Each Individual AI Model Can Already Be Profitable: Anthropic CEO Dario Amodei

AI models cost massive sums of money to be trained, and this means that leading AI companies like OpenAI and Anthropic have yet to turn a profit, but things could be different on a per-model basis.

Anthropic CEO Dario Amodei has indicated that the individual models that the company creates are profitable, even if one includes the cost of training them. But given how Anthropic keeps training new models, it reports overall losses at a company level.

“There’s two different ways you could describe what’s happening in the model business right now,” Amodei said on the Cheeky Pint podcast. “So, let’s say in 2023, you train a model that costs $100 million, and then you deploy it in 2024, and it makes $200 million of revenue. Meanwhile, because of the scaling laws, in 2024, you also train a model that costs $1 billion.

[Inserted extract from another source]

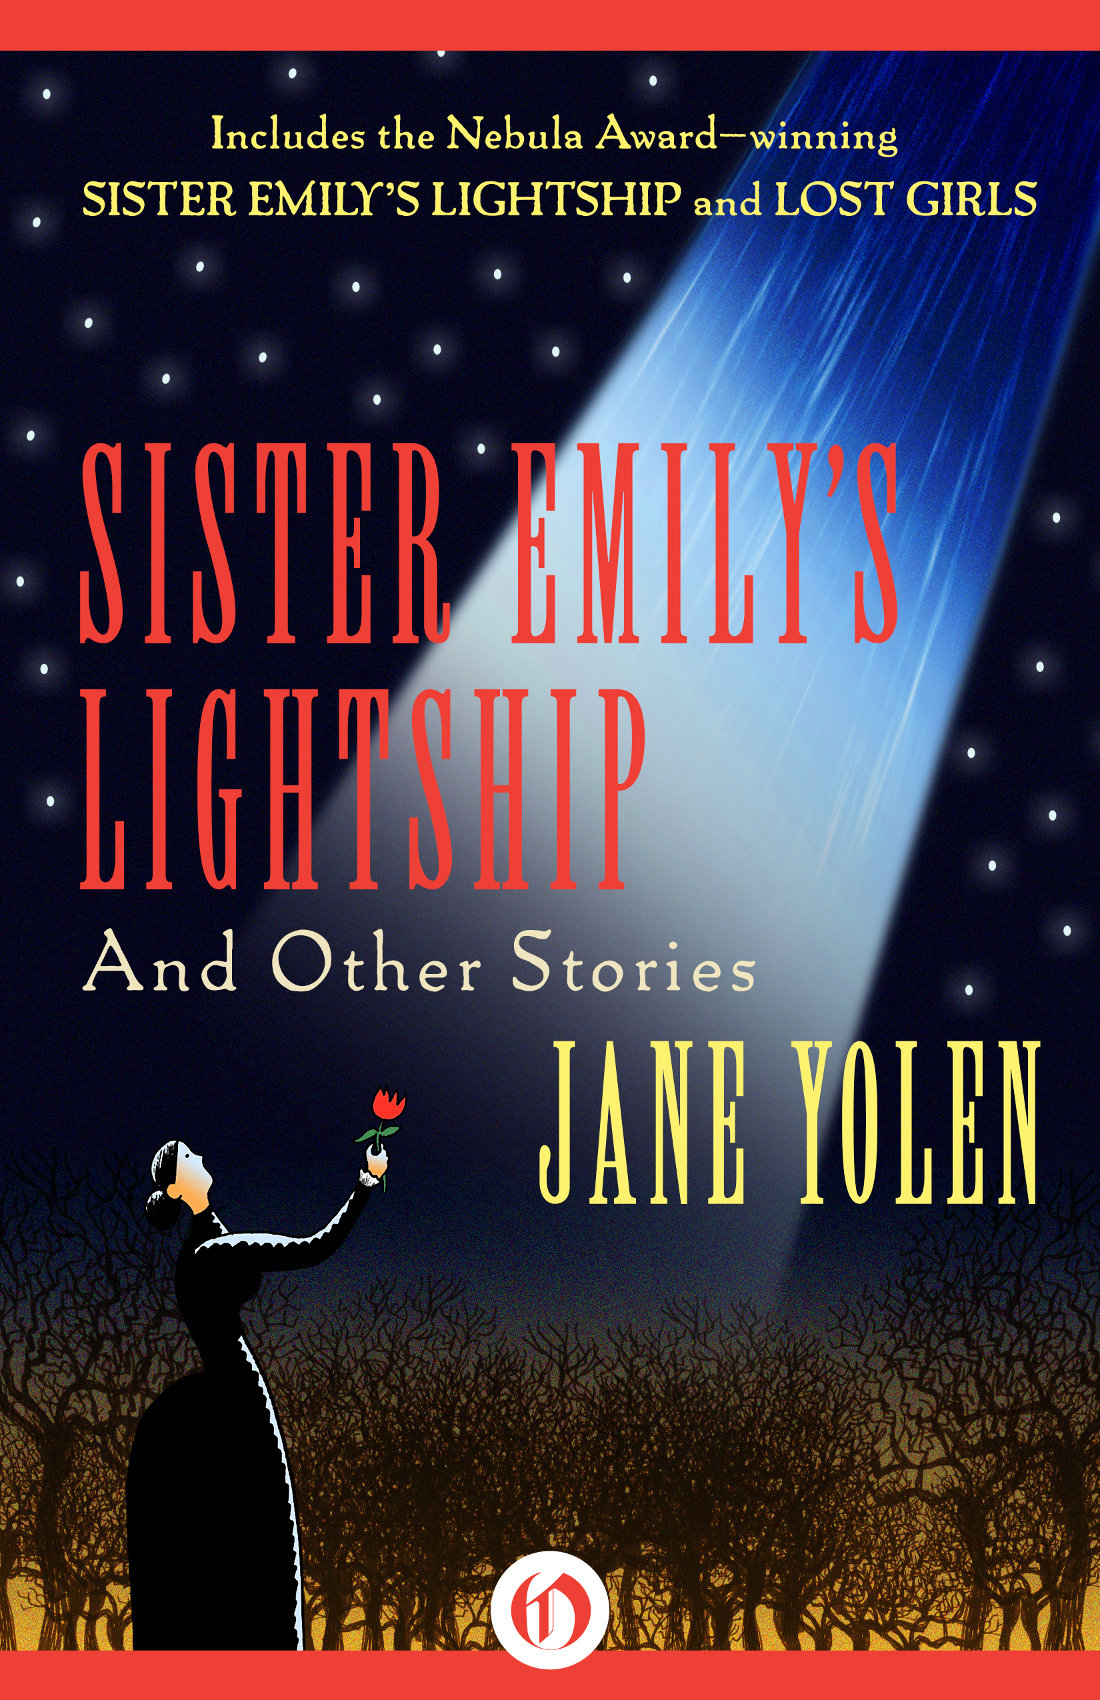 Sister Emily's Lightship by Jane Yolen

And then in 2025, you get $2 billion of revenue from that $1 billion, and you’ve spent $10 billion to train the model,” he added.

“So, if you look in a conventional way at the profit and loss of the company, you’ve lost $100 million the first year, you’ve lost $800 million the second year, and you’ve lost $8 billion in the third year — it looks like it’s getting worse and worse. (But) if you consider each model to be a company, the model that was trained in 2023 was profitable. You paid $100 million, and then it made $200 million of revenue. There’s some cost to inference with the model, but let’s just assume, in this cartoonish cartoon example, that even if you add those two up, you’re kind of in a good state. So, if every model was a company, the model, in this example, profitable,” he added.

“What’s going on is that while you’re reaping the benefits from one company, you’re founding another company that’s much more expensive and requires much more upfront R&D investment. The way this is going to shake out is that it’s going to keep going up until the numbers get very large, and the models can’t get larger, and then there will be a large, very profitable business. Or at some point, the models will stop getting better, and there will perhaps be some overhang — we spent some money, and we didn’t get anything for it — and then the business returns to whatever scale it’s at,” he said.

Amodei makes a compelling point, but this analysis might not necessarily work out for all model companies. For starters, there’s plenty of competition in the models space, with Google, OpenAI, Anthropic and xAI closely tied at the frontier, with open-source companies right behind them. This competition could result in price wars, which would mean that companies might not necessarily be able to reap profits from the models they’re building. Also, an unusual aspect of the AI model space seems to be that companies cannibalize their own products — even before they might’ve extracted all the value from a model, they release a new one, and the older model can’t make much money after that. These are interesting dynamics, but Amodei isn’t the only AI CEO that’s hinted at profitability — OpenAI CEO Sam Altman has said that OpenAI is profitable if one excludes training costs, which indicates that the company is making money on inference of its models. It remains to be seen if these early indications of profitability end up coming true at the company level, but given the investments in these companies, there’s lots of money riding on the fact that they do.